I think this will be the case, and suspect the various firms dedicating themselves to virtualized human avatars will accidentally stumble into profitable niches - not for providing humans virtual AI clones as an interface, but for providing AIs virtual human clones as an interface. (Which is a bit frustrating, as I really loathe that market segment right now.)
When I think about how Sci-Fi authors projected the future of AI cross- or self-talk, it was towards a super-efficient beeping or binary transmission of pure data betwixt them.
But I increasingly get the sense that, like much of actual AI development over the past few years, a lot of the Sci-Fi thinking was tangential or inverse to the actual vector of progress, particularly in underestimating the inherent value humans bring to bear.
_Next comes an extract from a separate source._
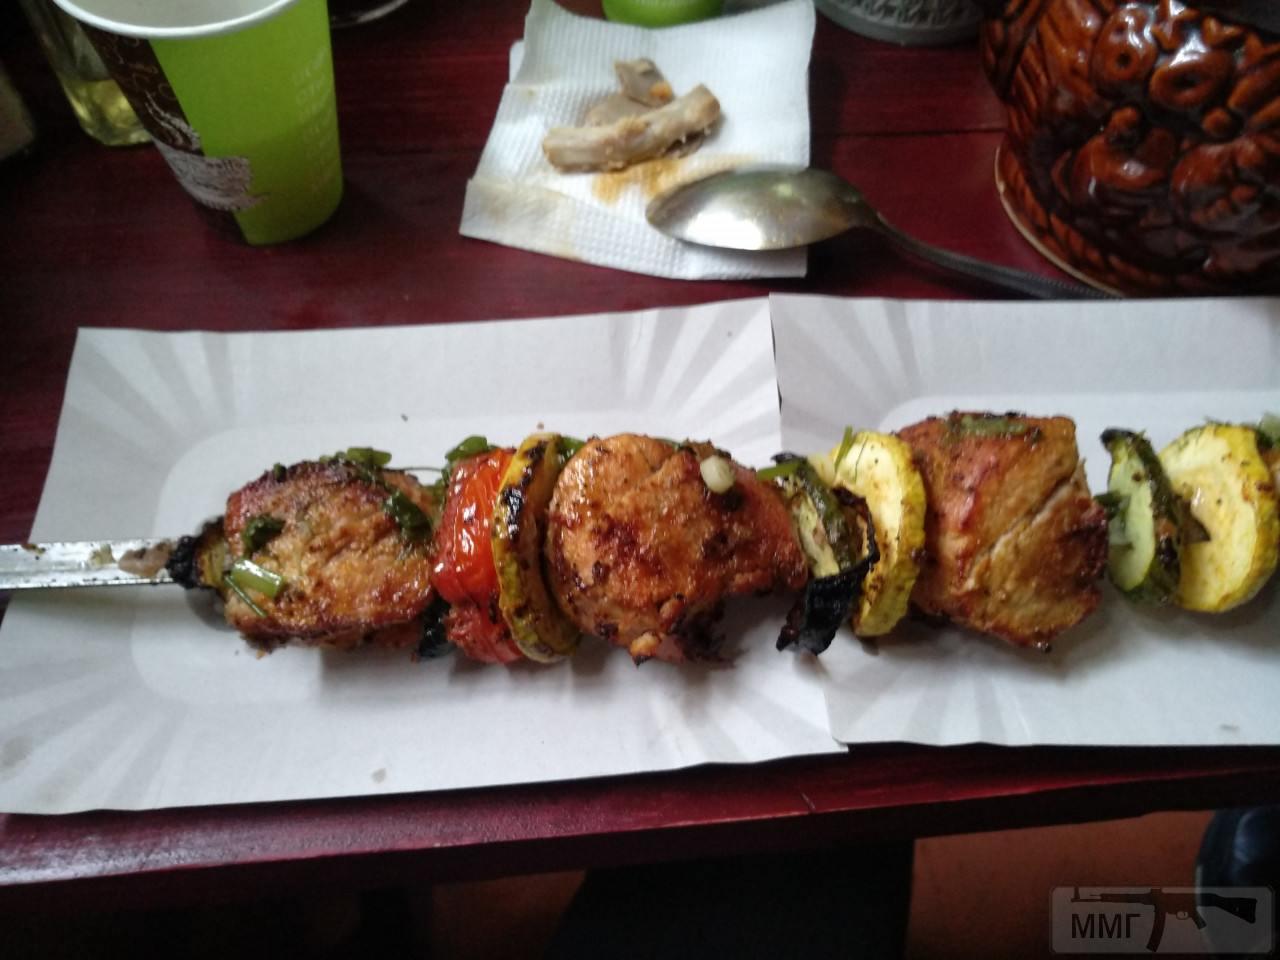 107216 - Закуски на огне (мангал, барбекю и т.д.) и кулинария вообще. Советы и рецепты.

The wonders we see developing around us are jumpstarted and continually enabled by the patterns woven by ourselves, and it seems at least the near future developments of models will be conforming to those patterns more and more, not less and less.
Still, it's going to be bizarre as heck to watch a multimodal model's avatar debating itself aloud like I do in my kitchen...
When I wrote this I thought OAI was sort of fudging the audio output and was using SSML as an intermediate step.
After seeing details in the system card, such as copying user voice, it's clearly not fudging.
Which makes me even more sure the above is going to end up prophetically correct.